Taylor, who was raised in La Cañada Flintridge, was hiking solo in Sequoia National Park in August 1972 — his Boy Scout troop bivouacked a short distance away — when he put a pencil to a lined sheet of paper: “Tim Taylor climbed to this peak, Thursday, August 17, 1972. Age 13 yrs. Anyone finding this note please write.”
Taylor placed the note in a metal film canister and left it on the 12,000-foot peak before rejoining his troop for trout fishing in a nearby lake.
"It apparent when I got to the top of this mountain, and I do remember this, that no one had ever been there before," Taylor, now 53 years old, told Fox 5 News.
Last month, another intrepid hiker, Larry Wright, 69, of Oakland, found the metal canister with the note inside. He sought out Taylor, and on Monday, Wright and now-San Diego County Superior Court Judge Timothy Taylor spoke about their visits — separated by 40 years — to the rugged region known as the Great Western Divide.
Taylor said Monday that he vividly remembers leaving the note during on the third day of Boy Scout Troop 502’s 50-mile backpacking trip through the Sierra. While the other scouts took a rest day, Taylor made his solo climb.
"The place was just alive with grasshoppers. I remember deciding to climb to the top of the mountain," he said. "I remember what a spectacular panoramic view it was from up there."

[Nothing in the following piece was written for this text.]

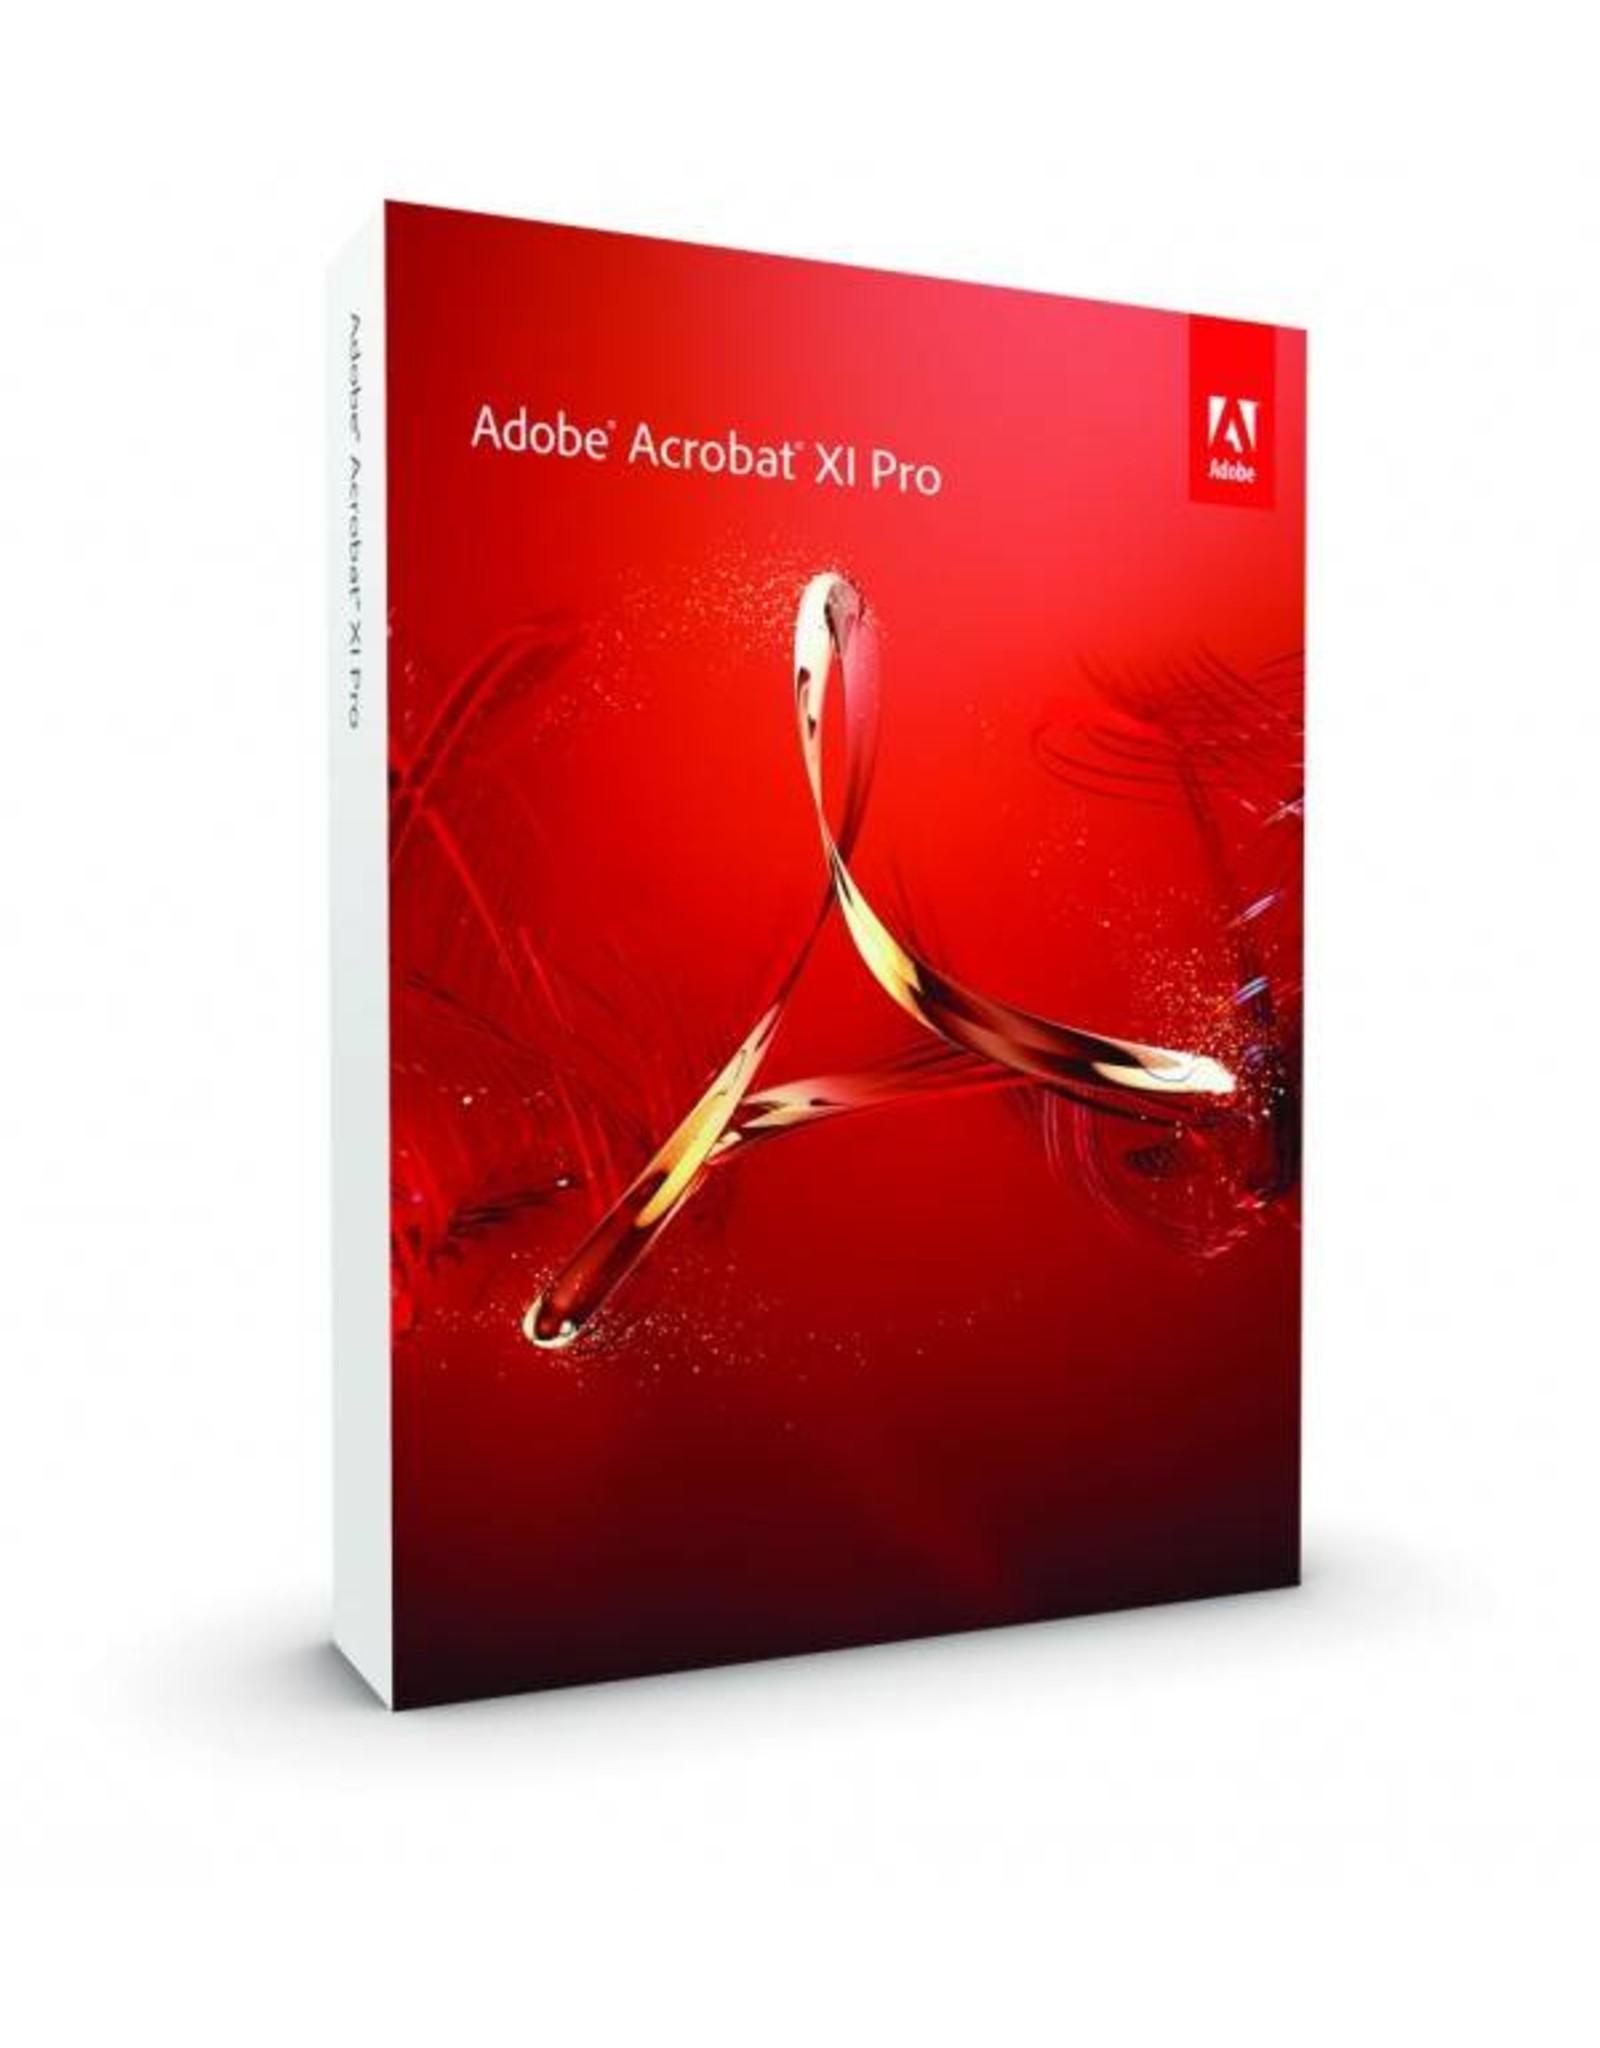 Adobe Adobe Acrobat XI Pro for PC

Taylor left La Cañada in 1977 to attend USC and his family moved several years later.
Taylor went from USC to Georgetown Law School. He then spent more than 20 years with law firm Sheppard, Mullin, Richter & Hampton and was living in Coronado when Gov. Arnold Schwarzenegger named him to the bench in January 2005.
Last month, Larry Wright, his son, grandson and others were hiking in the Milestone Mountain area when Wright found the note.
He tried to reach Taylor at his old La Cañada address, and having no luck, turned to the La Cañada Valley Sun. The paper published its story over the weekend, and Taylor got a call from an old family friend.
"He just walked out to his driveway, picked up his paper and there I was," Taylor said. The friend said, "Tim, you're not going to believe this. You're in the paper for a note you left 40 years ago on some mountaintop in the Sierras."
Since the peak he climbed is still nameless, Taylor thought maybe it can take its name from the unlikely connection forged by his note.
“I’m probably the first to climb that peak, and I think [Larry Wright] and his grandson are probably the second,” he said. “Maybe we can name it the Taylor-Wright Peak — after the first two people to climb it.”